“A novel about an MFA program for stand-up comics better be damned funny, and The Material is definitely that. It’s also profound, deeply engrossing, dark, and generous, a great novel about humans making art right now.”—Sam Lipsyte, author of No One Left to Come Looking for You
“Brilliance is on display here.”—Percival Everett, author of James and The Trees
Can comedy be taught? Someone, at some point, seemed to think so. The Chicago Stand-Up MFA program has enrolled young comedians for nearly a decade.
Its teachers and students all know how bits work—in theory, at least. They know that there’s a line between sharp and cruel, that sad becomes funny at the right angle, that the worst is the best, the truth is the worst, and any moment of your life that isn’t a punch line will either get you to a punch line or force you to be one.
They’re all afraid to be one.
Artie may be too handsome for standup, Olivia too reluctant to examine her own life, and Phil too afraid to cause harm. Kruger may be too vanilla to command his students’ respect, Ashbee too detached. And then we have Dorothy—the only woman on the program’s faculty—who though preparing to launch a comeback tour can’t tell if she’s too abiding, too ambitious, or too ambivalent.

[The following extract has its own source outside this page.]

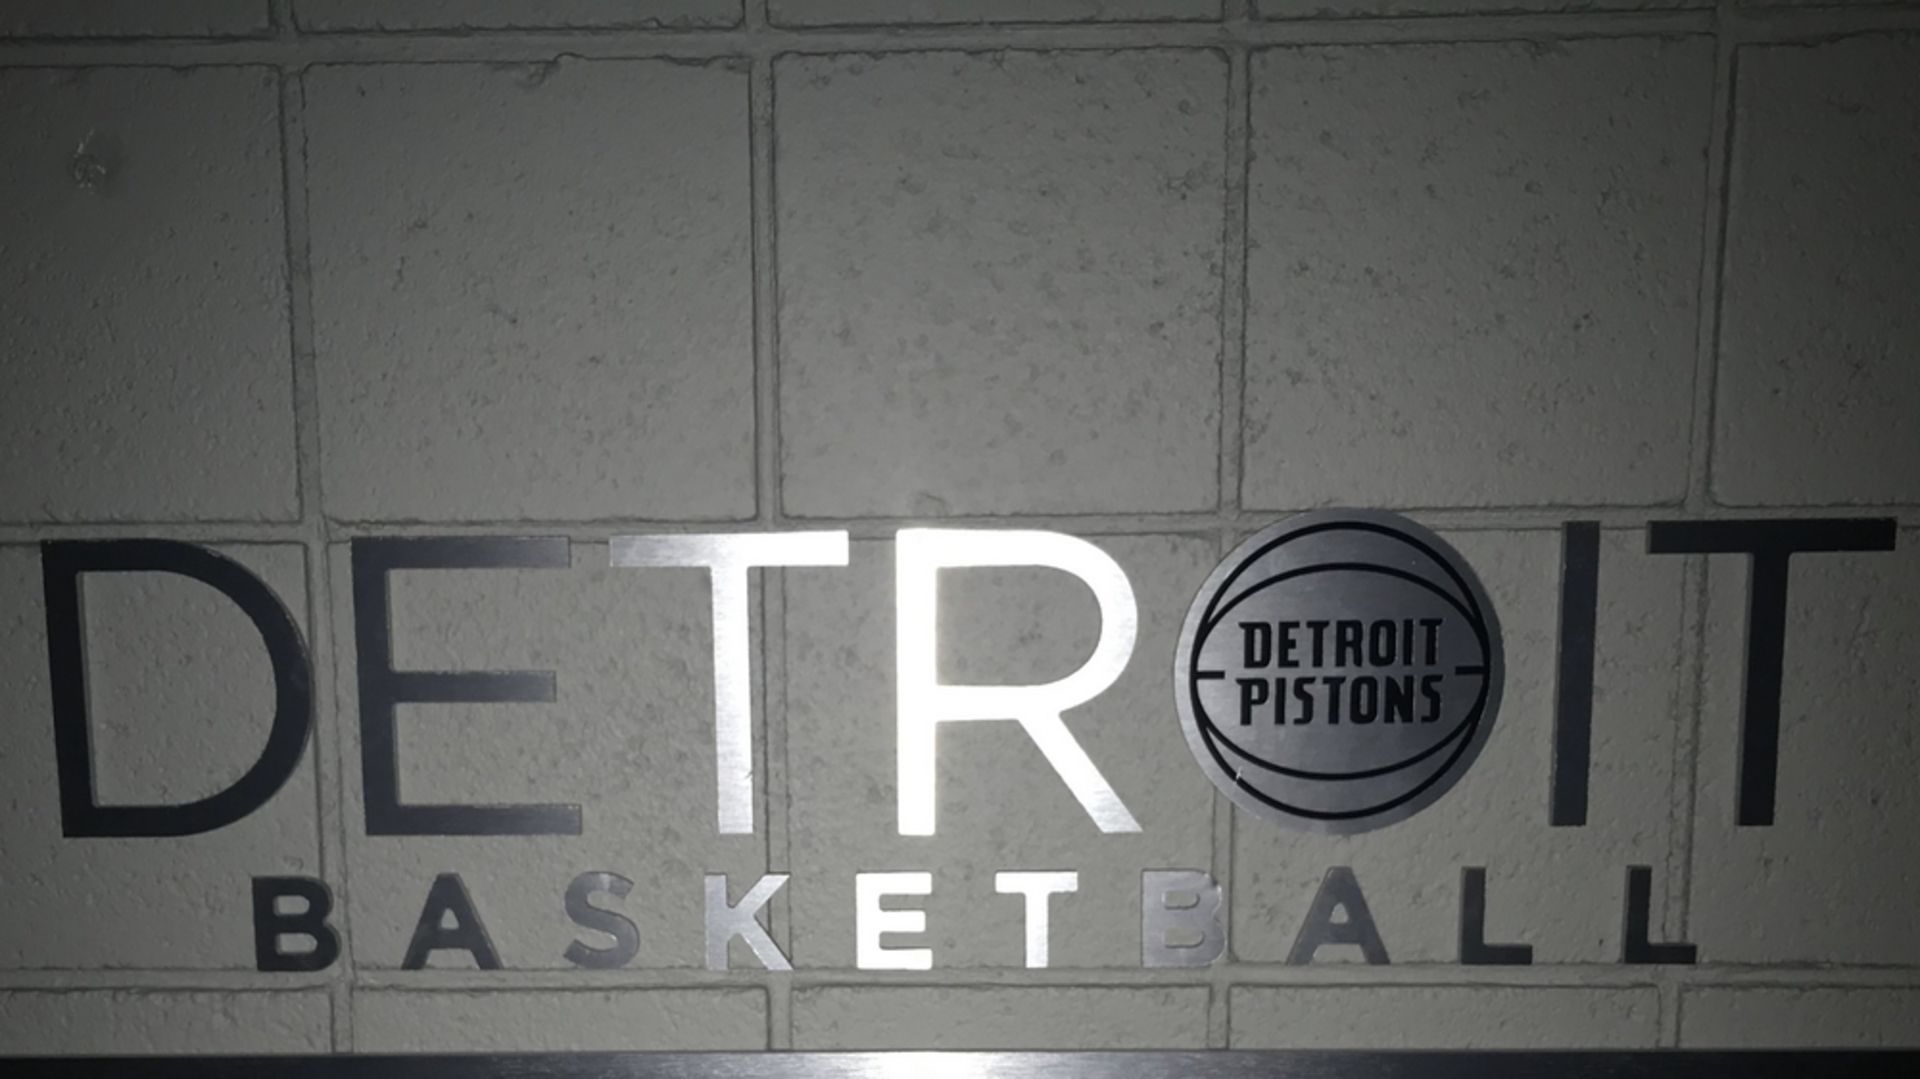 "Detroit Basketball" , Dim. 56 in x 14 in , Location: Officials Lockers Room ***Note from

Whether a visiting professor—the high-profile, controversy-steeped comedian Manny Reinhardt—will do more to help or harm their cause remains to be seen. But he’s on his way. He’ll be arriving sooner than anyone thinks.
Riffing keenly across a diverse array of precision-cut perspectives, The Material examines life through the eyes of a reluctantly assembled ensemble, a band of outsiders bound together by the need to laugh and the longing to make others laugh even harder.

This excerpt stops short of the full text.